In emails throughout 2021, however, career officials at the GSA outlined to Trump’s aides what could and could not be included in the shipments GSA would send to Florida – underscoring that the federal agency was relying on Trump’s aides to assess the contents being shipped.

While the transition team worked with the GSA to facilitate the move, concern inside the National Archives over missing presidential documents was growing. The National Archives alerted Trump’s lawyers in May 2021 that Trump’s letters with North Korean leader Kim Jong Un – and two dozen boxes of records – were missing.

But documents were never raised in the logistics email exchanges.

Instead, they focused at times on what items could and could not be shipped to Florida on the federal government’s dime. In particular, a 300-pound portrait of Trump that had been gifted to the former President led to multiple rounds of back and forth, with the GSA ultimately declining to ship the item, deeming it “personal property.”

At one point, the GSA outgoing transition director sent the Trump aides guidance on what was allowed to be sent.

“If the item is considered property of the Former President then it should not be shipped using Transition Funds. If the item is considered property of the Federal Government then it should go to NARA or GSA,” Kathy Geisler wrote in an email and attached the guidance on gifts. “I just wanted to make sure we had an understanding of what you are allowed to ship using Transition funds.”

The gigantic portrait was sent to an aide’s home to eventually ship to the former President’s resort.

In the email exchange, Trump’s director of correspondence Desiree Thompson Sayle asked Geisler to point out where in the federal code she was referring to. “I want to ensure that we are in compliance, and the attached appears to be general guidance on what gifts (foreign and domestic) can be accepted by a government employee or elected official,” she wrote.

“Working with NARA and GSA, I am in full compliance with the final disposition of gifts. So much so, we are loading the large portrait received after the 21st on a Penske truck to transport to my house so I can put it on my moving van,” Sayle added.

It wasn’t until mid-January – just nine days before President Joe Biden’s inauguration – that Trump’s staff began setting up a post presidential life for the former President following a plan signed off on by former chief of staff Mark Meadows.

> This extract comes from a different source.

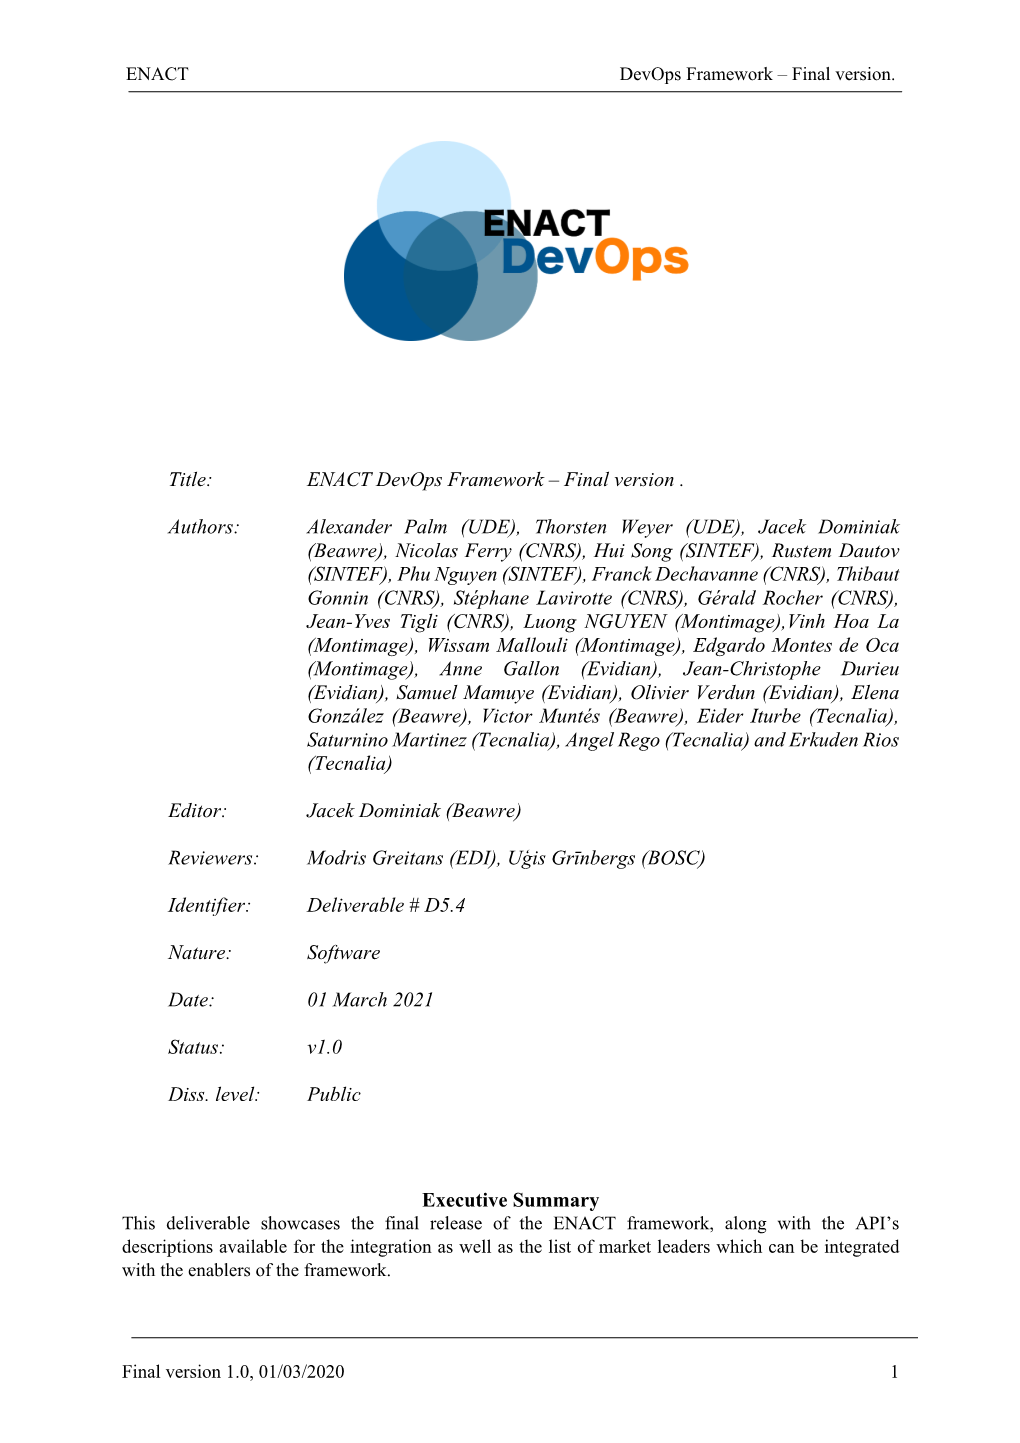 ENACT Devops Framework–Final Version

Following the same pattern of past presidential transitions, GSA would provide the funds and support to help with the transition and setting up a post-presidential office.

Around the time Meadows signed the plan, White House aides described a chaotic and unsure environment with a President more focused on overturning the 2020 election than beginning his next chapter. These circumstances lead to a delayed, unorganized and nontraditional transition, made apparent in the trove of emails.

The chaotic environment continued after Trump vacated the White House. In July 2021, a flurry of late-night emails show staff scrambling unsuccessfully to get the boxes sent off on the final night the outgoing team would be allowed to use transition funds to assist the move, eventually having to use other resources.

After the boxes were to be picked up and Trump’s team had long gone to Florida, there was yet another snag in August – one pallet was the wrong size and couldn’t fit on the freight elevator. The event delayed the delivery again, the emails show, and resulted in an intern being flown back from the Sunshine State to repack the pallets and prepare them to be sent to Mar-a-Lago, where they finally arrived mid-September.

“My intern is flying back to DC tomorrow, and he can repack the pallets in Crystal City,” Sayle wrote to GSA. “Before I send him to pick up a roll of shrink wrap from Uhaul and plan to head over, can you tell me if there is AC on the 12th floor?”
CORRECTION: This story has been updated to correctly reference the General Services Administration.